Wilson said he went to 15 or 16 schools within 11 years of schooling.

Education
Wilson was concerned that he might not be able to afford to go to a university, and tried to enlist in the United States Army, intending to earn U.S. government financial support for his education. He failed the Army medical examination due to his impaired eyesight, but was able to afford to enroll in the University of Alabama, where he earned his Bachelor of Science in 1949 and Master of Science in biology in 1950. The next year, Wilson transferred to Harvard University. 
 
Appointed to the Harvard Society of Fellows, he could travel on overseas expeditions, collecting ant species of Cuba and Mexico and travel the South Pacific, including Australia, New Guinea, Fiji, New Caledonia, and Sri Lanka. In 1955, he received his Ph.D. and married Irene Kelley.

Career

From 1956 until 1996, Wilson was part of the faculty of Harvard. He began as an ant taxonomist and worked on understanding their microevolution, how they developed into new species by escaping environmental disadvantages and moving into new habitats. He developed a theory of the "taxon cycle".

In collaboration with mathematician William H. Bossert, Wilson developed a classification of pheromones based on insect communication patterns. In the 1960s, he collaborated with mathematician and ecologist Robert MacArthur in developing the theory of species equilibrium. In the 1970s he and Daniel S. Simberloff tested this theory on tiny mangrove islets in the Florida Keys. They eradicated all insect species and observed the re-population by new species. Wilson and MacArthur's book The Theory of Island Biogeography became a standard ecology text.

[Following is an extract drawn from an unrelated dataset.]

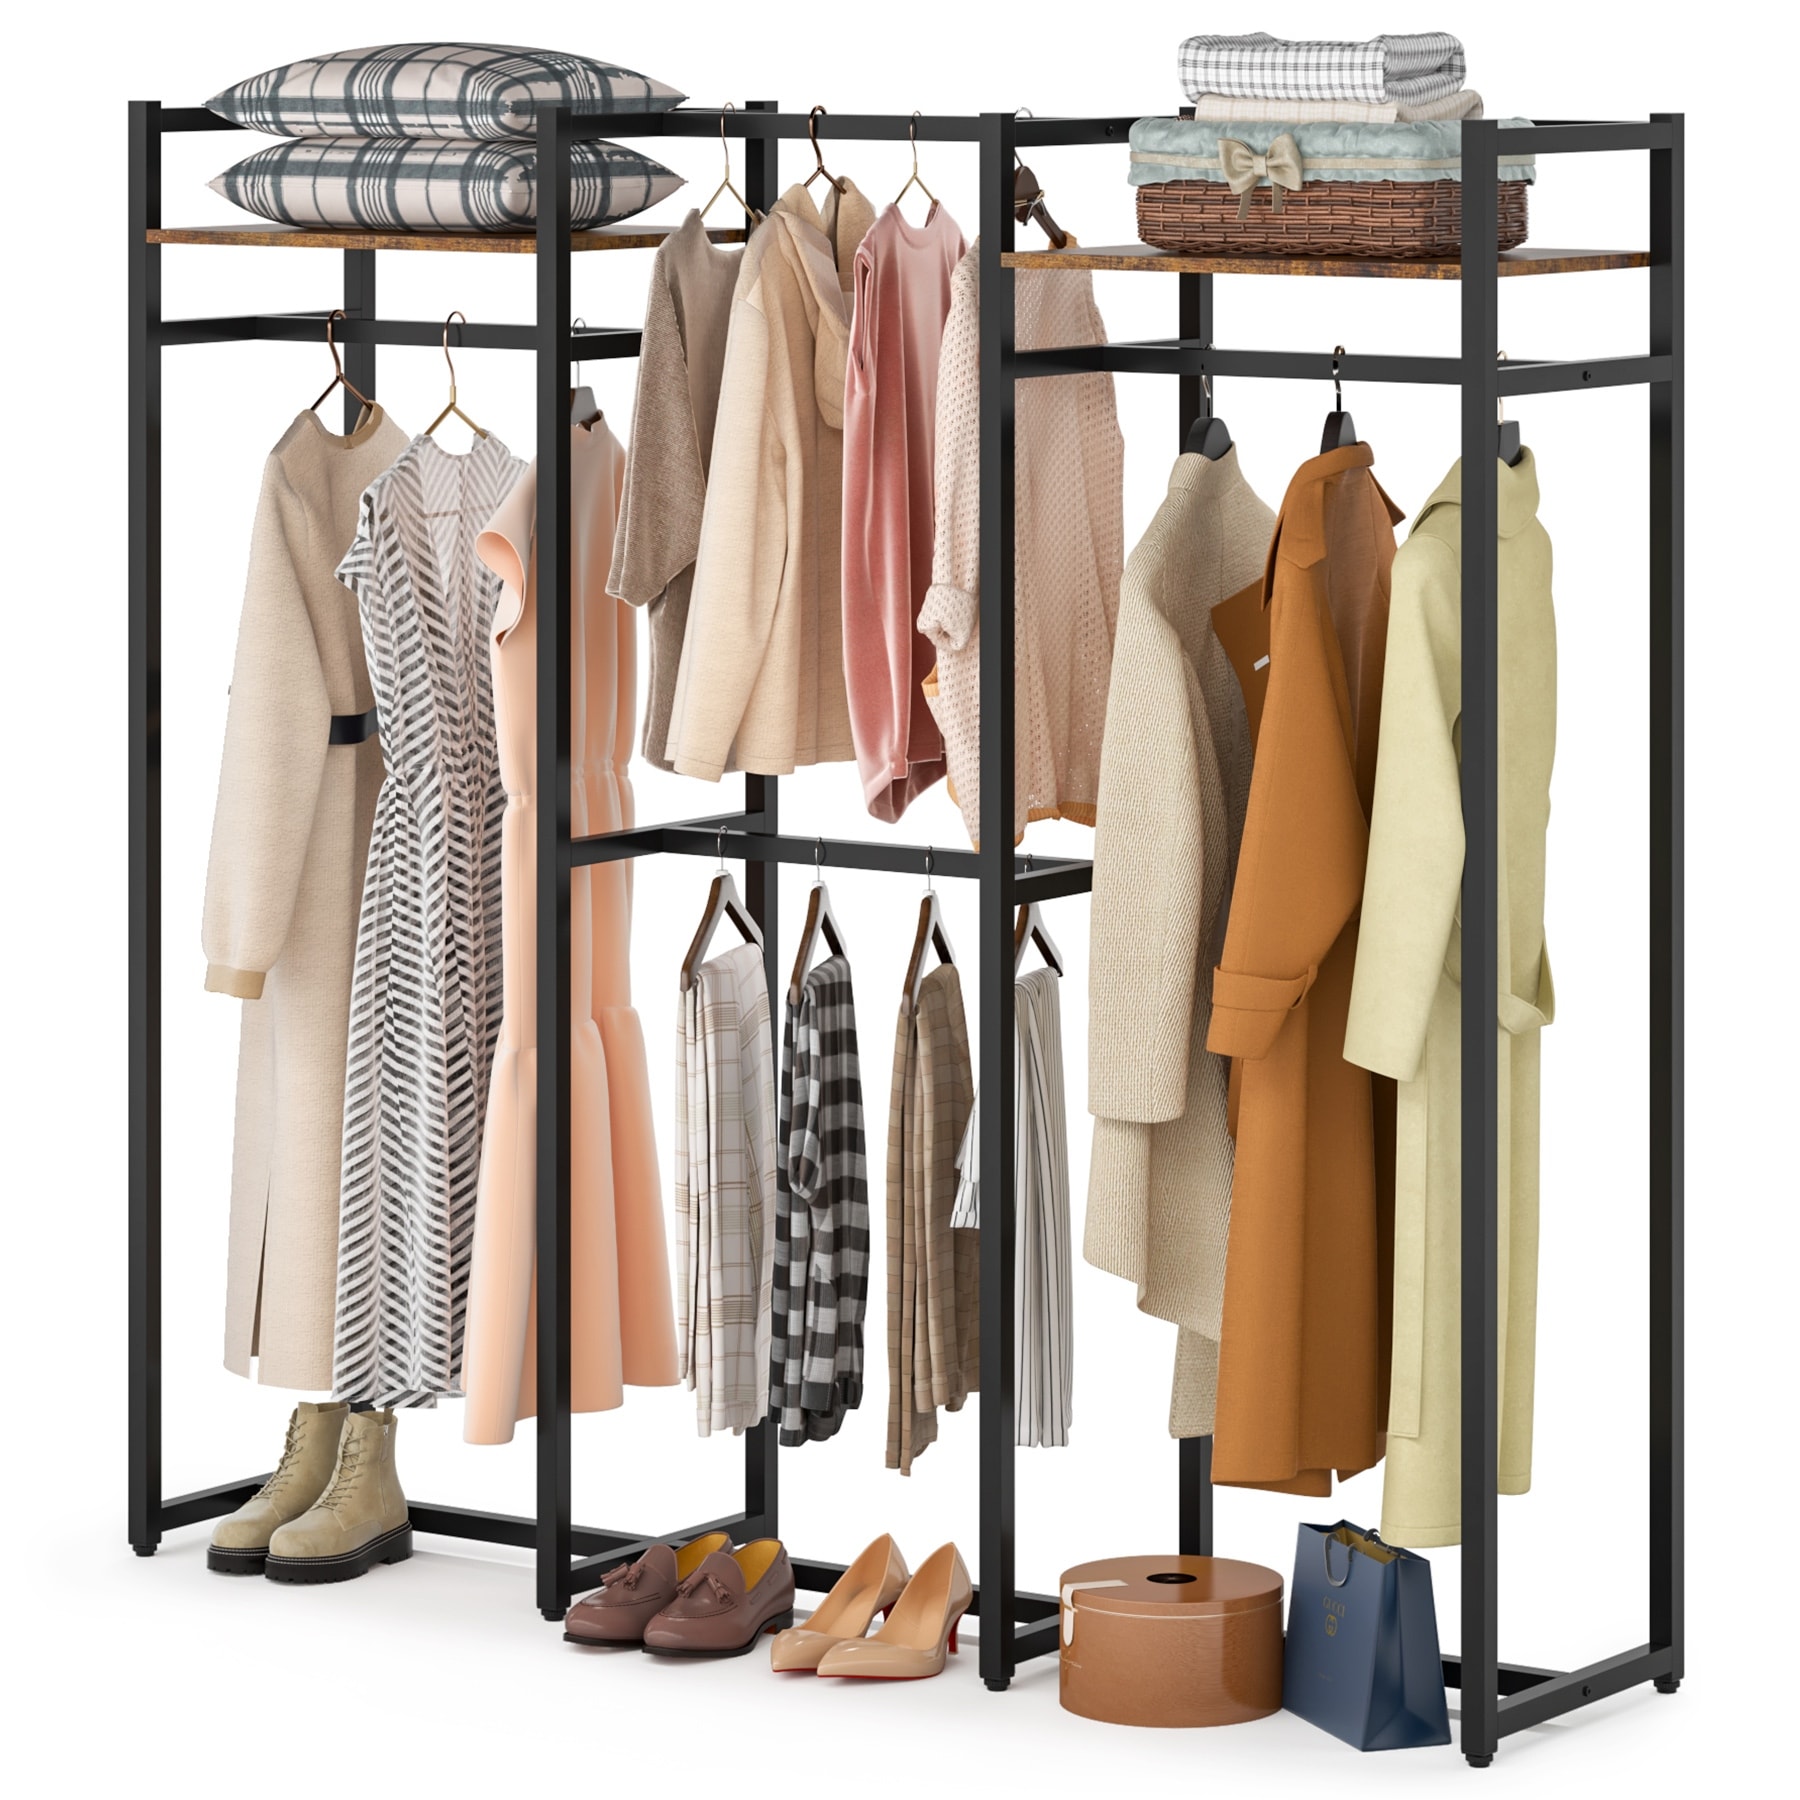 https://ak1.ostkcdn.com/images/products/is/images/direct/49d7fa78e870ffc72bd6f6569fc68eac82976525/Free-Standing-Closet-Organizer-with-Hanging-Rods%2C-Garment-Rack-Heavy-Duty-Clothes-Rack-with-Storage-Shelves%2C-Max-Load-500LBS.jpg

In 1971, he published The Insect Societies, which argues that insect behavior and the behavior of other animals are influenced by similar evolutionary pressures. In 1973, Wilson was appointed the curator of entomology at the Harvard Museum of Comparative Zoology. In 1975, he published the book Sociobiology: The New Synthesis applying his theories of insect behavior to vertebrates, and in the last chapter, humans. He speculated that evolved and inherited tendencies were responsible for hierarchical social organization among humans. In 1978 he published On Human Nature, which dealt with the role of biology in the evolution of human culture and won a Pulitzer Prize for General Nonfiction.

Wilson was named the Frank B. Baird, Jr., Professor of Science in 1976 and, after his retirement from Harvard in 1996, became the Pellegrino University Professor Emeritus.

In 1981 after collaborating with Charles Lumsden, he published Genes, Mind and Culture, a theory of gene-culture coevolution. In 1990 he published The Ants, co-written with Bert Hölldobler, his second Pulitzer Prize for General Nonfiction.

In the 1990s, he published The Diversity of Life (1992), an autobiography: Naturalist (1994), and Consilience: The Unity of Knowledge (1998) about the unity of the natural and social sciences. Wilson was praised for his environmental advocacy, and his secular-humanist and deist ideas pertaining to religious and ethical matters.

Wilson was dubbed multiple monikers throughout his career, these included descriptions as the "father of biodiversity," "ant man," and "Darwin's heir." In a PBS interview, David Attenborough described Wilson as "a magic name to many of us working in the natural world, for two reasons. First, he is a towering example of a specialist, a world authority. Nobody in the world has ever known as much as Ed Wilson about ants. But, in addition to that intense knowledge and understanding, he has the widest of pictures. He sees the planet and the natural world that it contains in amazing detail but extraordinary coherence".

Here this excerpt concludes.